The following is to evaluate the performance index for the above-mentioned approaches. We first substituted the average execution times from Table 9 into Equation (3) to find the normalized performance index among different approaches in the test, as listed in Table 10. Next, we substituted those results into Equation (4) to find the average normalized performance index, as listed in Table 11. As a result, in Table 11 it is noted that the proposed approach in this paper obtained the best performance index when compared with the others.

4.3. Experimental Environment in Case 2

Case 2 shows test data collected from the real-world use case, as listed in Table 12. Each use case had its own a specific SQL command making sense of statistics used to measure the average execution time as per request.

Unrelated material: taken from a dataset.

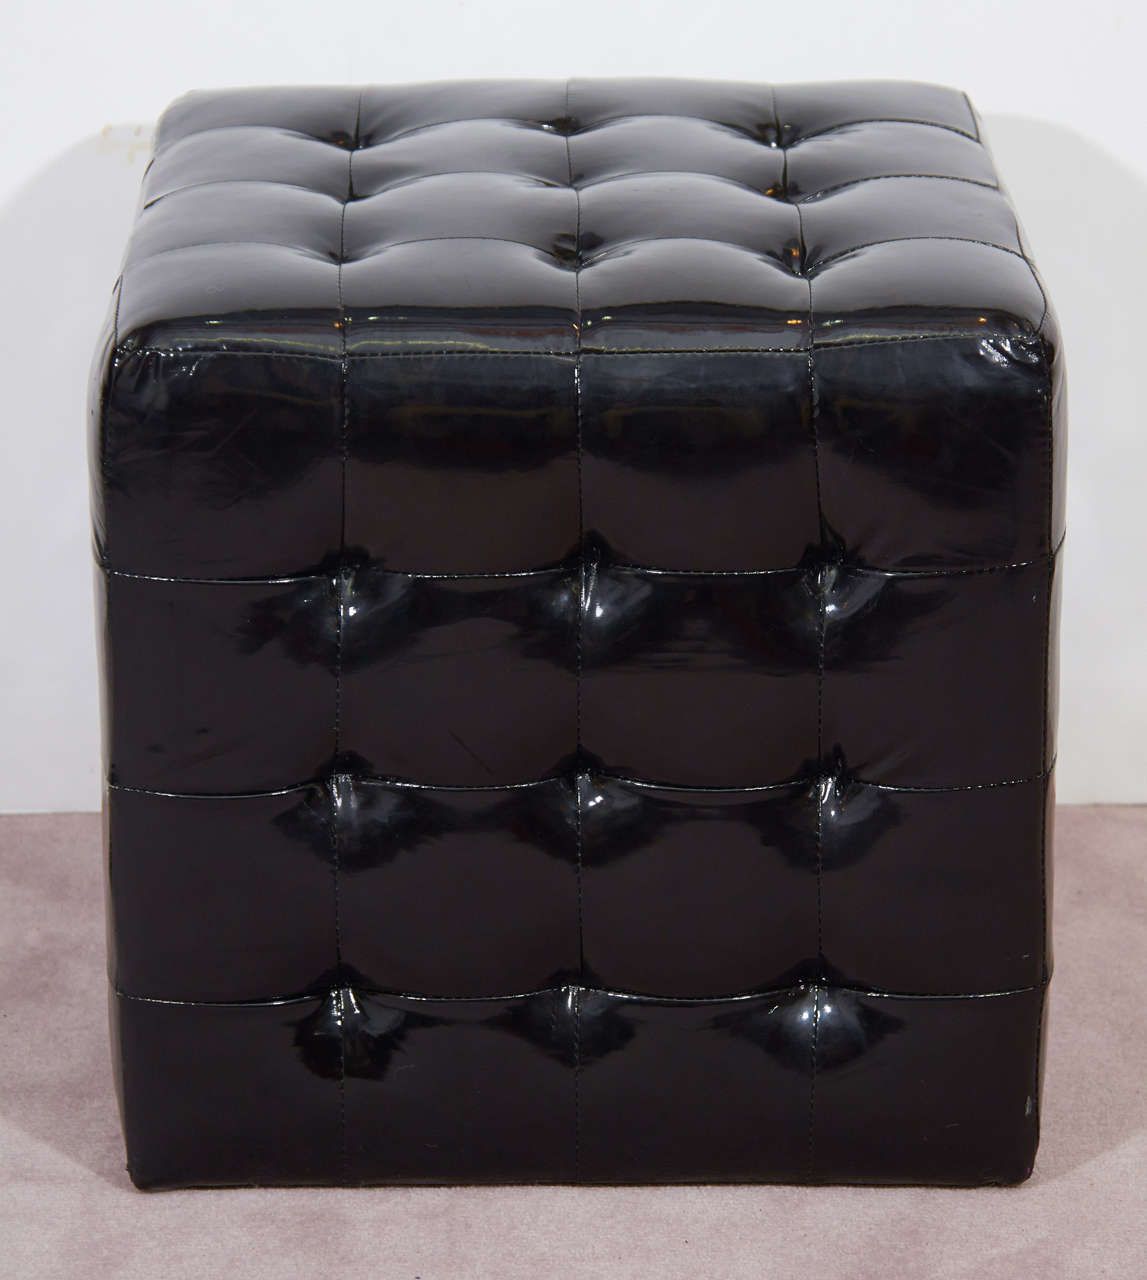 Black Wet Look Faux Leather Tufted Cube Ottomans Or Benches At 1stdibs Intended For Black Faux Leather Column Tufted Ottomans (View 8 of 20)

The test environment is as shown in Table 5. The test tool is shown in Table 8. The real-world data with various use cases are listed as follows: (1) world-famous masterpiece, (2) load of production machine: underload, (3) load of production machine: overload, (4) qualified rate of semiconductor products, (5) correlation between temperature and electricity use per capita, (6) correlation between rainfall and electricity use per capita, (7) flight information in the airport, (8) traffic violation/accidents, and their related information are as follows:
The data of use case WC is read from the real world-famous masterpiece—Alice-in-Wonderland Art-of-War, Huckleberry-Finn, Sherlock-Holmes, and Tom-Sawyer, and we carried out the work of Word Count in this experiment. The second and third use cases, OD and UD, collected the data from a certain large semiconductor factory in Taiwan that included the goods number, responsible employee, name of production machine, and so on, and the file format was a standard xls format of EXCEL to find out the machine with a too high or too low use frequency in the production scheduling. The fourth use case YR received the data including various semiconductor test items and PASS or FAIL results in which the file format was a standard csv format from another big semiconductor factory in Taiwan, and the experiment was to calculate the yield rate of the products to see whether it reached the qualified standard of the company (99.7%). The fifth and sixth use cases, TE and RE, acquired the data set out of the official website at the Taipower company (Taipei, Taiwan), Taiwan’s biggest electricity supply firm, and collect the information about Taiwan’s area rainfall and temperature data from the Central Weather Bureau website as well. The purpose of this experiment was to find out the correlation between Taiwan’s rainfall and electricity use per capita, and the temperature and electricity use per capita based on statistical correlation. In the use case AP, flight information in the airport with the standard csv data file was collected from an airport in New York and the purpose of this experiment was to calculate the frequency in statistics about how many times the departure flights get to the next airport each week. The final use case TA examined the data concerning traffic violation/accidents reported in USA and this experiment aimed to calculate the frequency in statistics regarding how often traffic violations/accidents occur every month.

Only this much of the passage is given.